Jitter for Distributed Systems
Jitter for Distributed Systems¶
Jitter adds randomness to retry delays to prevent the "thundering herd" problem where many clients retry at the same time. By introducing controlled randomness, jitter helps distribute retry attempts over time rather than having all clients retry simultaneously after a failure.
Configuration¶
retry:
attempts: 5
backoff:
exponential:
base: 2.0
initial_delay: 10s
jitter: true # Enable jitter (default: false)
jitter_factor: 0.3 # Jitter factor (default: 0.3 when jitter is enabled)
Configuration options:
- jitter: Boolean flag to enable/disable jitter (default: false)
- jitter_factor: Controls the randomness range as a fraction of the base delay (default: 0.3)
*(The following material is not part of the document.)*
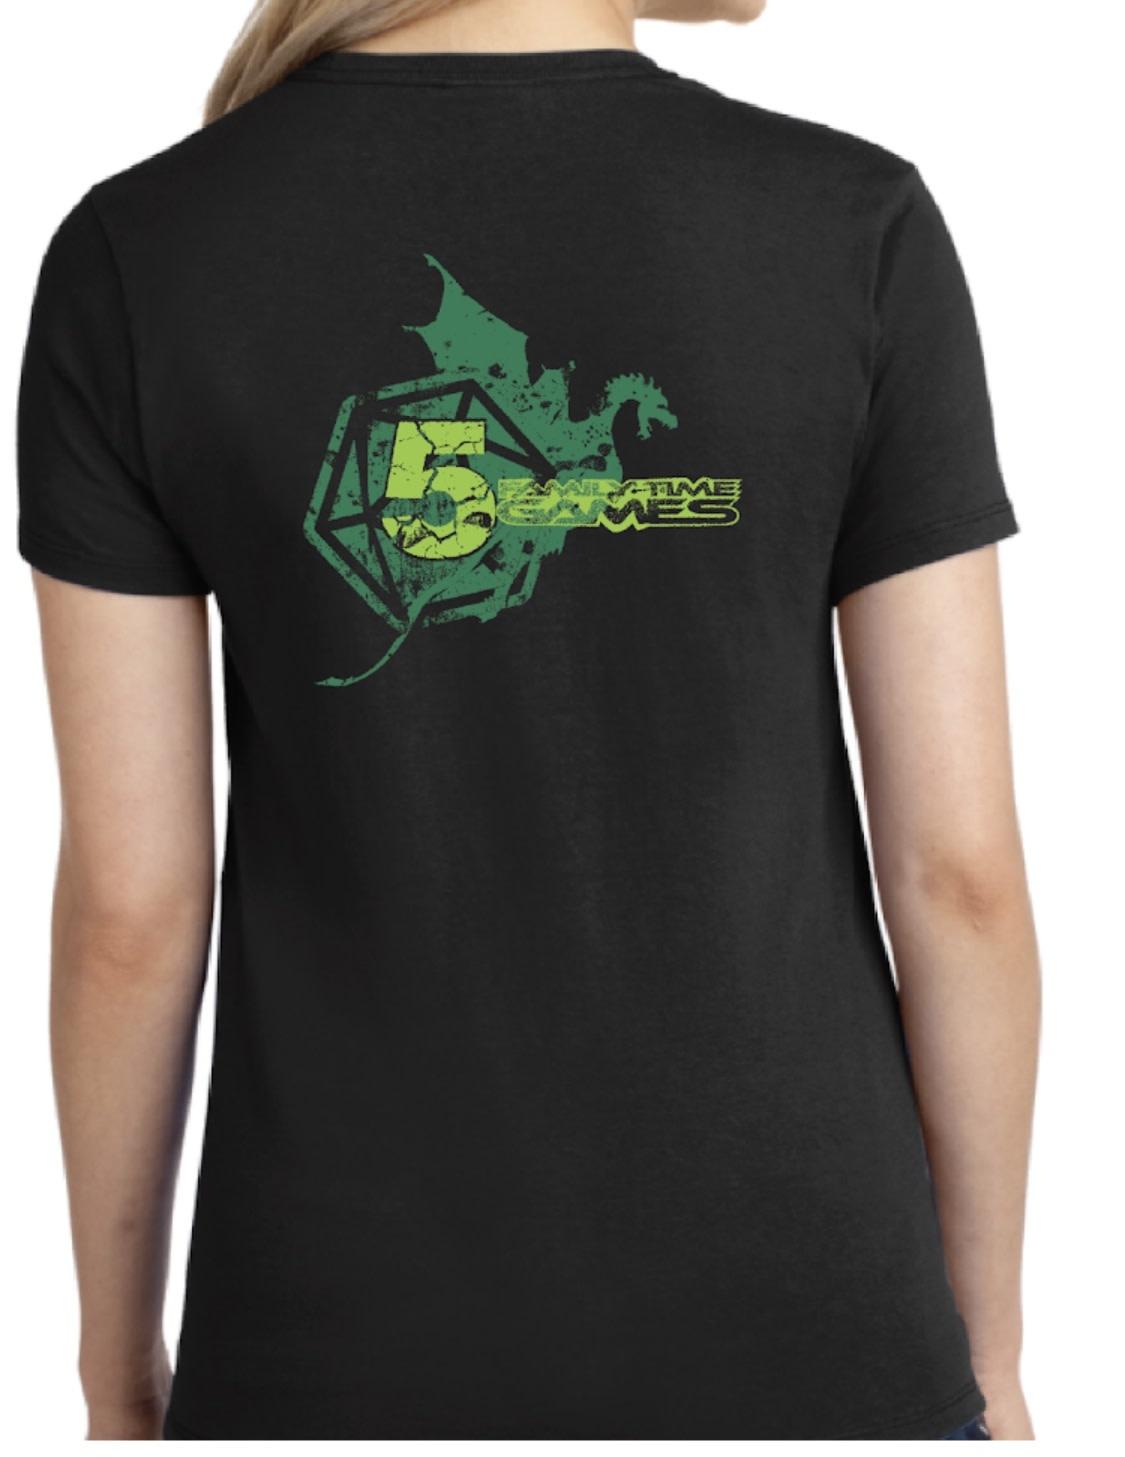 Team image 5 year Anniversary short sleeves shirt woman (size L)

Source: Configuration structure defined in src/cook/retry_v2.rs:455-457 (default_jitter_factor)
How Jitter Works¶
The jitter calculation follows this formula:
jitter_range = base_delay * jitter_factor
jitter = random(-jitter_range / 2, +jitter_range / 2)
final_delay = base_delay + jitter
Source: Implementation in src/cook/retry_v2.rs:308-317 (apply_jitter method)
The implementation uses Rust's random_range function to generate a uniformly distributed random value within the inclusive range. The jitter can be:
- Negative: Reduces the delay below the base value
- Positive: Increases the delay above the base value
This bidirectional randomness ensures retry attempts are spread across time.
Example Calculations¶
With default jitter_factor: 0.3:
For a 10 second base delay:
1. jitter_range = 10s * 0.3 = 3s
2. jitter = random(-1.5s, +1.5s)
3. final_delay = 10s + jitter → Range: 8.5s to 11.5s
With jitter_factor: 0.5:
For a 10 second base delay:
1. jitter_range = 10s * 0.5 = 5s
2. jitter = random(-2.5s, +2.5s)
3. final_delay = 10s + jitter → Range: 7.5s to 12.5s
For a 20 second base delay:
1. jitter_range = 20s * 0.5 = 10s
2. jitter = random(-5s, +5s)
3. final_delay = 20s + jitter → Range: 15s to 25s
Source: Test validation in src/cook/retry_v2.rs:654-658
Interaction with Max Delay¶
Jitter is applied after backoff calculation and max_delay capping. The execution order is:
- Calculate base delay using backoff strategy
- Apply
max_delaycap if configured - Apply jitter to the capped delay
This means jittered delays can still exceed max_delay temporarily, but only by the jitter amount. If you need strict delay caps, consider using a lower jitter_factor.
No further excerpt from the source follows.